Ojos brillantes
- María Laura Romero
- 13 jul 2020
- 3 Min. de lectura
Actualizado: 30 abr 2021

La ciudad estaba desierta, los pocos árboles que veía se zarandeaban de un lado a otro y perdían sus hojas cobrizas con cada movimiento. Siguió caminando con la cabeza gacha un par de cuadras mientras se reprochaba interiormente por haber olvidado el paraguas. Después de mirar hacia todos lados cruzó la estrecha calle que la separaba de la cafetería y se introdujo con prisa dentro del establecimiento. Una vez allí las horas pasaron muy lentamente, debiendo atender a unas cinco o seis personas en el transcurso de la tarde. El aburrimiento era mortal, pensó sin atreverse a decirlo en voz alta.
En cuanto su turno terminó volvió al frío y gris exterior con la misma rapidez que antes. El cielo estaba aún más oscuro a pesar de que faltaba al menos una hora para que fuera de noche, de modo que apuró el paso. Caminó con agilidad a través de veredas rotas y raíces que emergían de la tierra. Luego de un par de minutos, cuando ya podía divisar su cálido hogar, un sonido casi susurrado llegó a sus oídos.
Al principio no se dio cuenta de dónde provenía, pero más tarde, al dirigir su vista hacia el suelo resquebrajado, pudo verlo al fin. Su abundante pelo blanco estaba completamente húmedo y pegado a su cuerpo flaco. Sus extremidades estaban metidas hacia adentro en un vano intento de conservar el calor. Al observarlo con detenimiento fue capaz de notar cómo el felino temblaba y entrecerraba los ojos por el cansancio. Parecía que no tenía más que un par de meses de vida y, lo que era más triste, estaba totalmente solo.
A pesar de que buscó afanosamente por los alrededores no había rastro alguno de la madre, como tampoco pudo hallar ningún posible dueño en todo el barrio. Así que se puso en cuclillas, extendió los brazos hacia el animal asustado y lo acomodó contra la suave tela de su suéter al mismo tiempo que lo sujetaba con su brazo izquierdo. El animalito se quedó muy quieto y, al cabo de unos segundos, comenzó a ronronear. Tan solo unos minutos después se encontraba frente a una chimenea llameante, acostado sobre una alfombra y lamiendo con avidez un plato con leche tibia.

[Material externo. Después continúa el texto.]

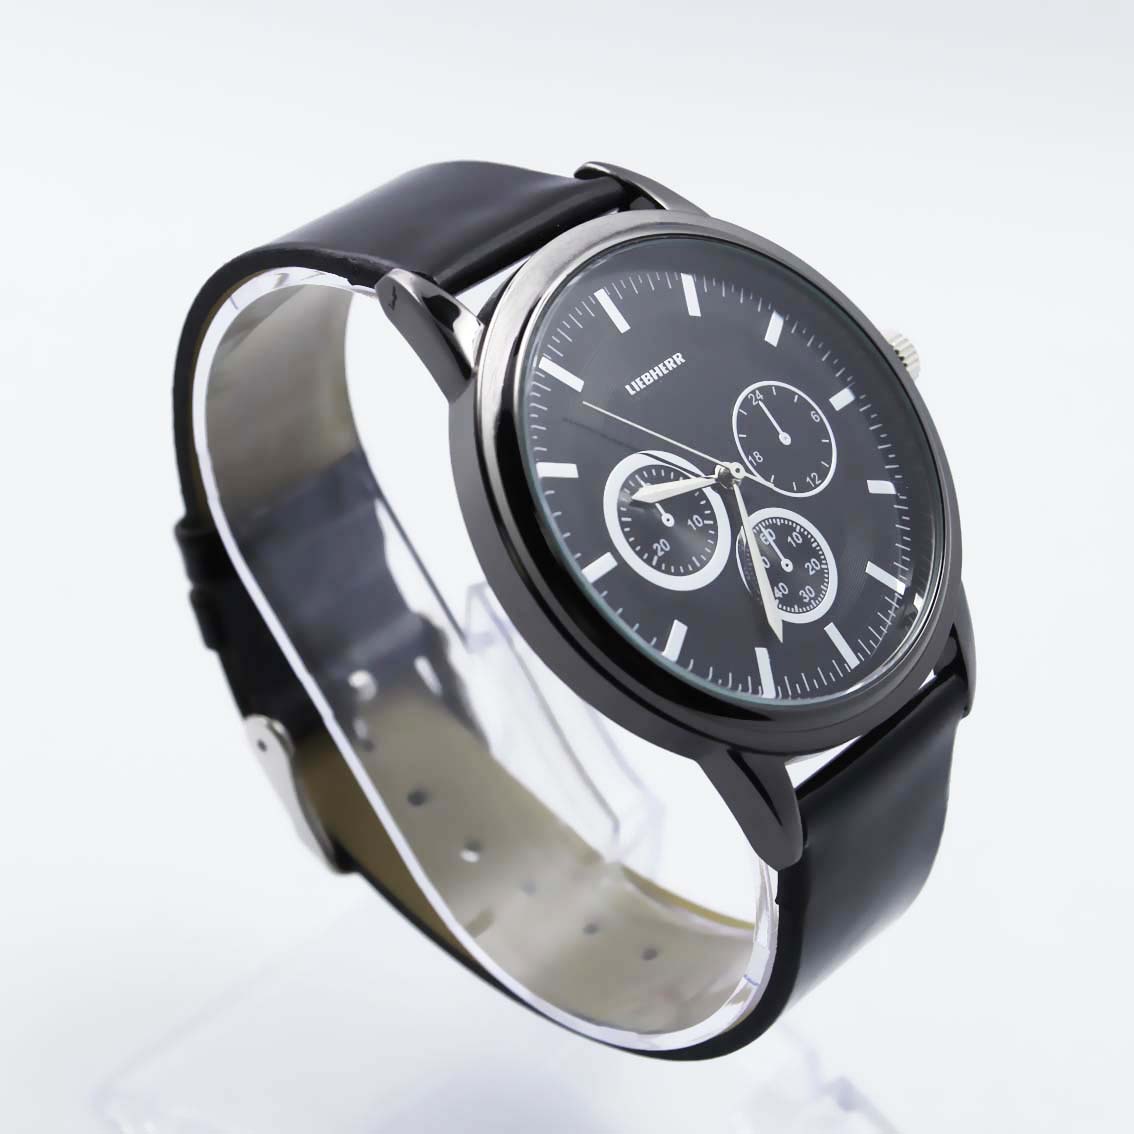 #02011Men's wristwatch quartz analog leather strap watch

Después de innumerables caricias prodigadas al frágil animal, y de haberse asegurado que estuviera cómodo, decidió que era tiempo de que ella también se dedicara a descansar. Con eso en mente, se despidió del pequeño félido con un «que duermas bien», como si se dirigiera a una persona, y notó un ligero movimiento en sus orejas. Sin embargo, cerca de la medianoche, cuando ya se encontraba envuelta entre gruesas mantas de lana, un sonido ensordecedor la despertó súbitamente.
Conteniendo el aliento, se incorporó lo suficiente como para ver una luz breve difuminándose a través de la cortina floreada; eso sumado al repiqueteo acompasado golpeando contra las tejas le hizo darse cuenta de que no era más que una fuerte tormenta. Finalmente se dispuso a dormir de nuevo y, cuando estaba a punto de hacerlo, fue que lo notó. Parado allí, al lado de su cama, maullándole sin parar. Lo primero que pensó fue que tendría frío, después, que quizás tenía hambre o sed. Mientras intentaba dilucidar lo que aquel pequeño ser podría llegar a necesitar, se percató de un detalle ciertamente inquietante. La puerta estaba abierta.
¿Cómo es que la pesada puerta de algarrobo estaba abierta si ella la había cerrado con llave antes de acostarse? ¿Acaso había entrado un ladrón? Se inclinó rápidamente hacia su lado izquierdo y comprobó que la llave de bronce seguía apoyada sobre la mesita de luz, justo como siempre. Pero el llanto del animal era apremiante, y tenía que hacer algo para calmarlo, o no cesaría en toda la noche. Con la intención de ir a buscar un poco de leche, se dispuso a salir de la cama envuelta en una gruesa bata color carmesí, que solía dejar doblada sobre una silla, en el lado opuesto a la mesita y el ventanal.
De repente, sin saber cómo, una brisa gélida despejó el cristal empañado, y le permitió observar la gigantesca sombra que se proyectaba contra la pared contraria. Asustada, bajó la mirada hacia sus pies descalzos y entonces lo vio. Sentando sobre las baldosas ennegrecidas, con las fauces abiertas como una tumba, su pelo de nieve erizado hasta la punta de la cola y los ojos, abiertos de par en par, brillantes como un relámpago, clavados en su figura diminuta.